In the Open Data Hub v0.5.0 release, we introduced Data Catalog. It is a set of components to read data stored in Data Lakes, create tables and query them in a SQL-like style. You can find below a picture of the simplified architecture of Data Catalog:
These are the components that are part of Data Catalog:
- Hive Metastore, responsible for maintaining the table metadata created by the user to query the data stored in Ceph/S3
- Spark SQL Thrift server to enable an endpoint where clients can connect using an ODBC/JDBC connection
- Cloudera Hue as a Data Exploration tool to explore the Data Lake, create tables and query them.

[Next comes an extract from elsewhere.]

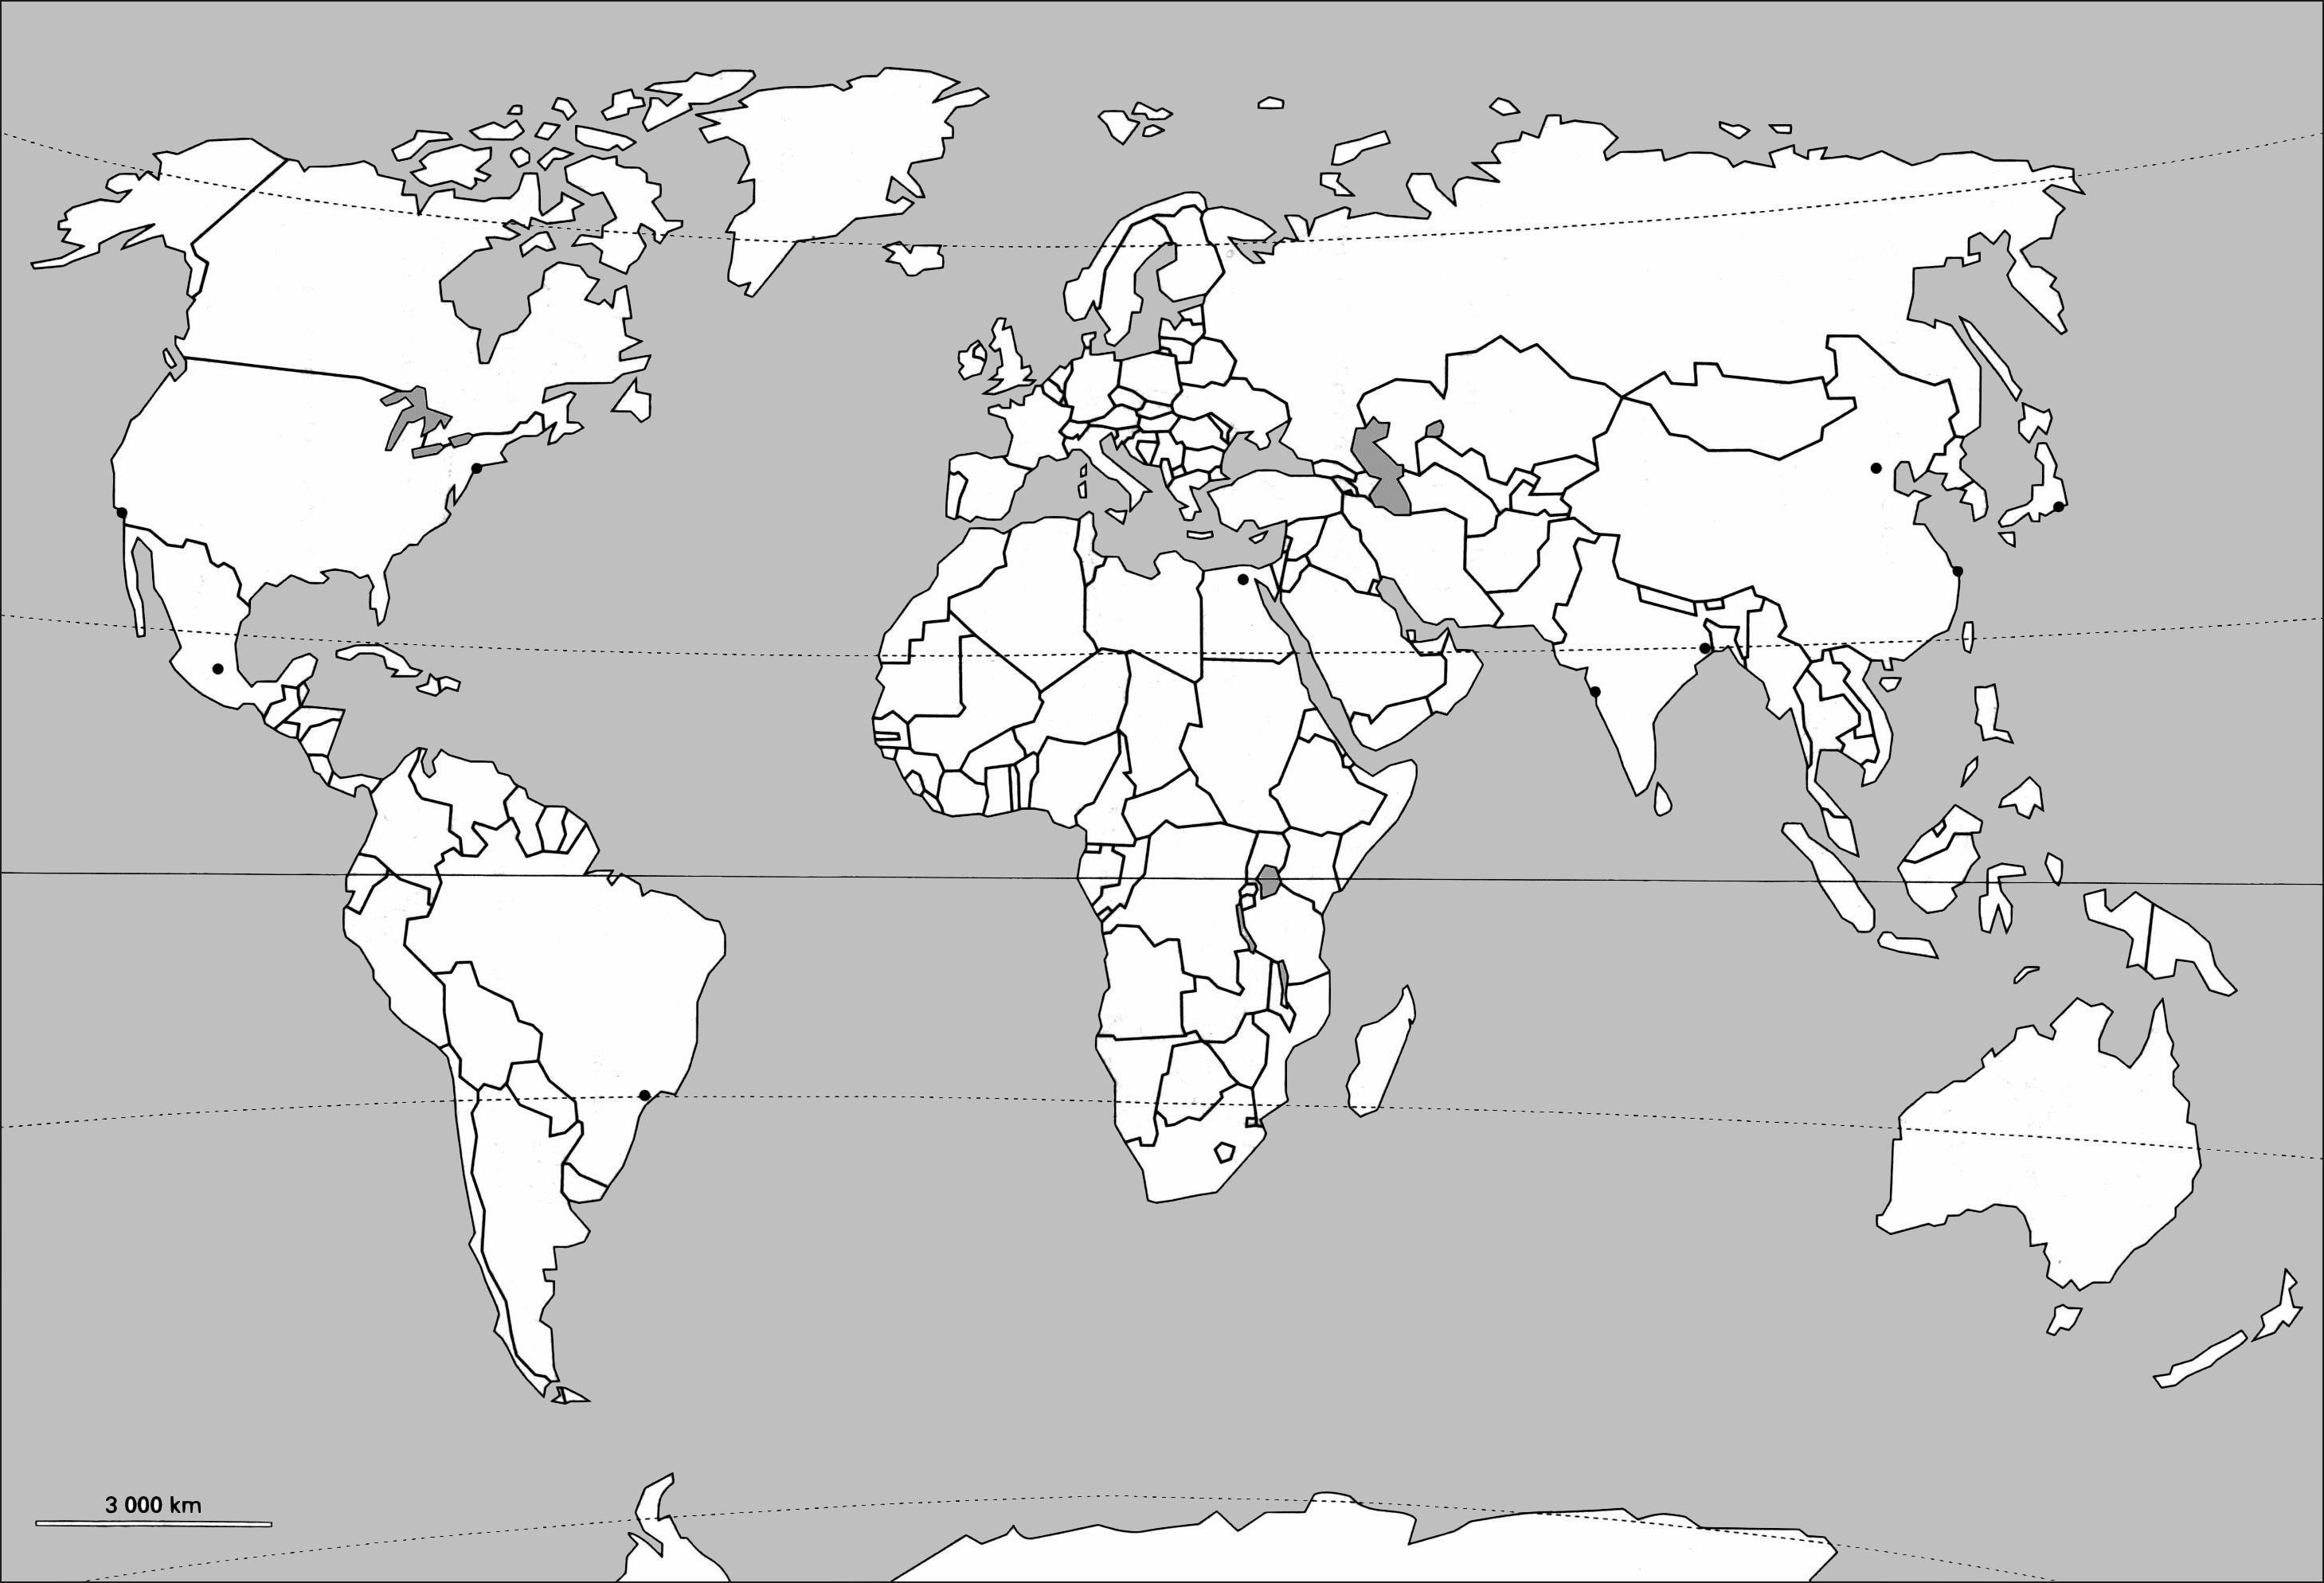 Cartograf.fr : Carte du monde : Grande carte du monde avec pays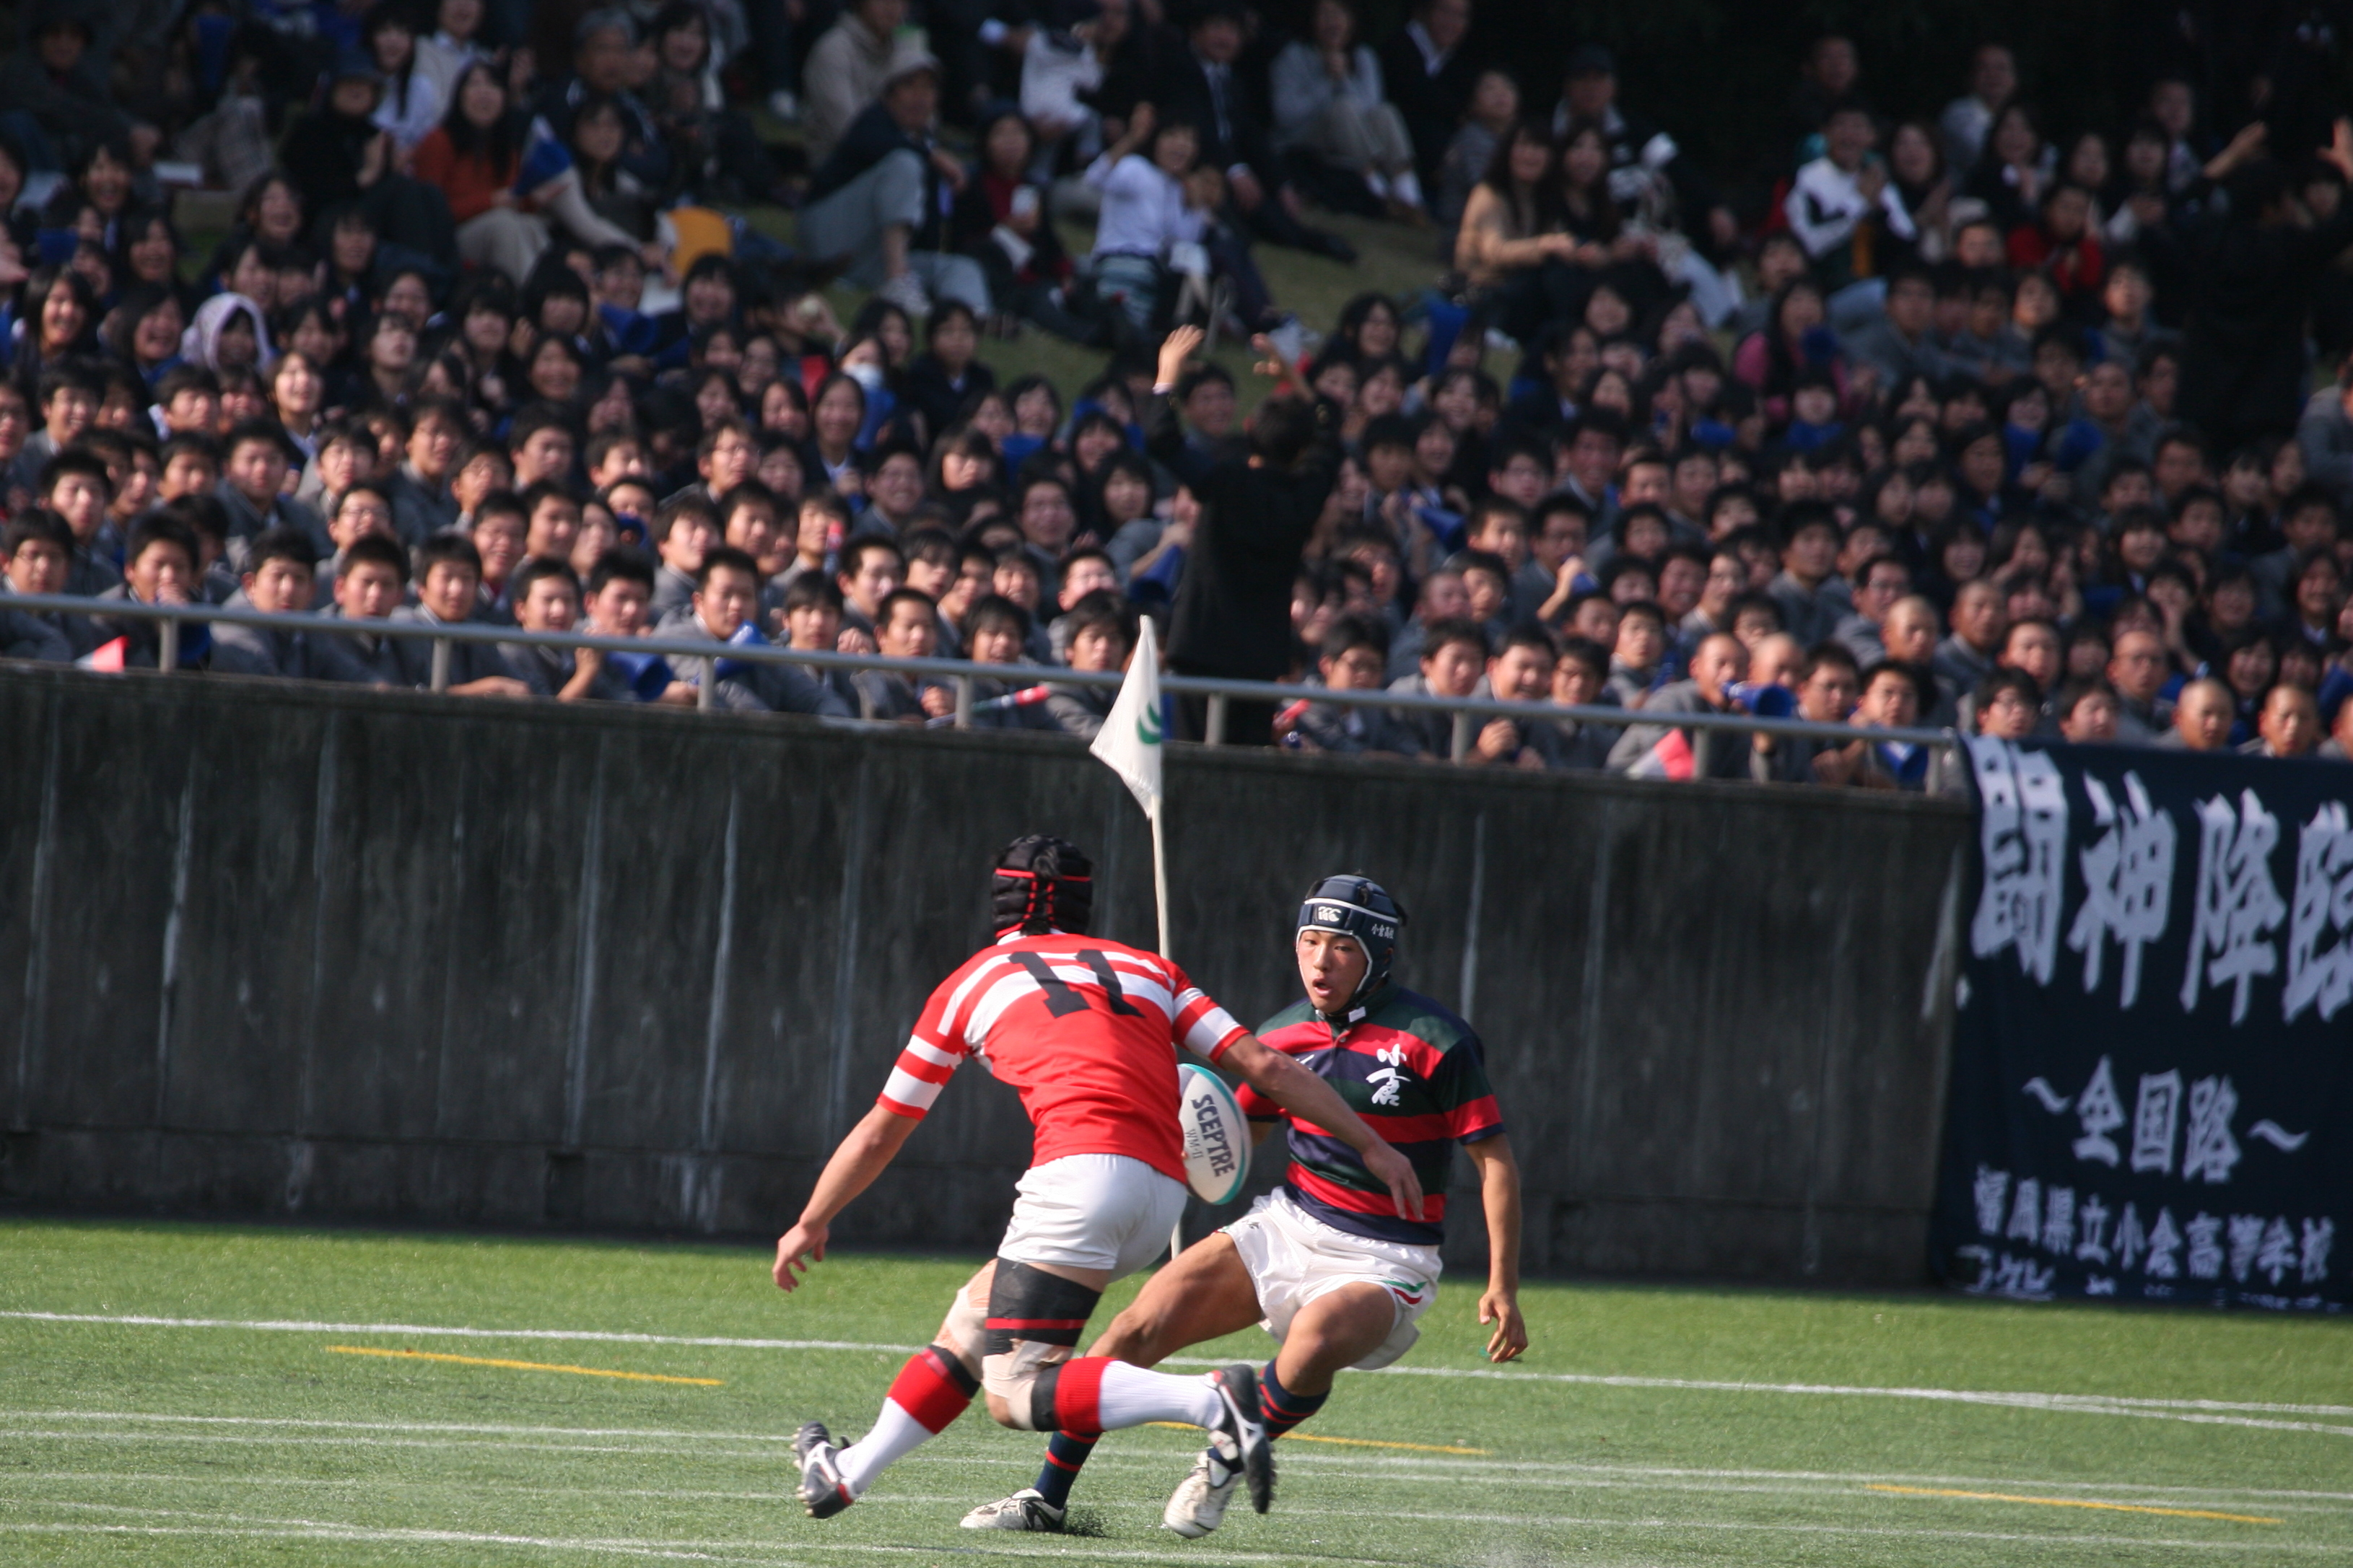 http://kokura-rugby.sakura.ne.jp/2010.11.7-5.JPG

You can also create dashboards using the tables managed by Hive Metastore
In the next section we’ll cover each component in details.
The Hive Metastore component is part of Apache Hive and stores all metadata related to Hive tables. A Hive table is a special structure where you can expose your data, whether they are unstructred, semi-structured or structured data, as a table. That way you can use SQL syntax to query this data directly from where the data is stored without the need to use ETL workflows to insert your data into a relational or NoSQL Database.
One of the advantages of using Hive tables is you don’t need to write a full ETL (Extract-Transform-Load) workflow to have your data available to read from traditional SQL clients. It is possible to partition the data according to your needs too.
With Hive Metastore, you can catalog your data in order to extract the best from your Data Lake.
Spark SQL Thrift Server
The main feature in Spark SQL Thrift Server is to use the power of Spark SQL and Dataframes to query the data from a Data Lake, by creating a query plan and run in a Spark cluster to extract all information needed.
In order to use the Spark SQL features, Thrift Server exposes a ODBC/JDBC endpoint so clients like SquirrelSQL, Tableau, Superset or any SQL client can connect to it and issue SQL statements using raw data stored in your Data Lake.
Cloudera Hue is a Data Exploration tool where you can explore your Data Lake for the files stored and issue SQL statements in a Hive instance. Data Catalog combines Hive Metastore and Spark SQL Thrift Server to have all Hive features.
With Hue, you can explore the raw data from the Data Lake, create a set of hive tables and expose them to Data Scientists to create models based on that data.
Sample Use Cases
1) Data Exploration: You can explore your Data Lake to look at the data structure, as well as creating a table structure to query them. 2) Data Catalogging: After exploring the data and creating tables based on them, you can document the data by creating metadata against it. With that, you can share with Data Scientists the tables so they can understand what are the features they need to create their models.
With Cloudera Hue in the Data Catalog architecture, it is possible to create visualizations with the data too. As for now, this feature is disabled as some other components are required to make it work. The Open Data Hub team will evalute the option to include this Hue feature in Data Catalog. Superset can be a good replacement for Data Visualization tasks, or Jupyterhub.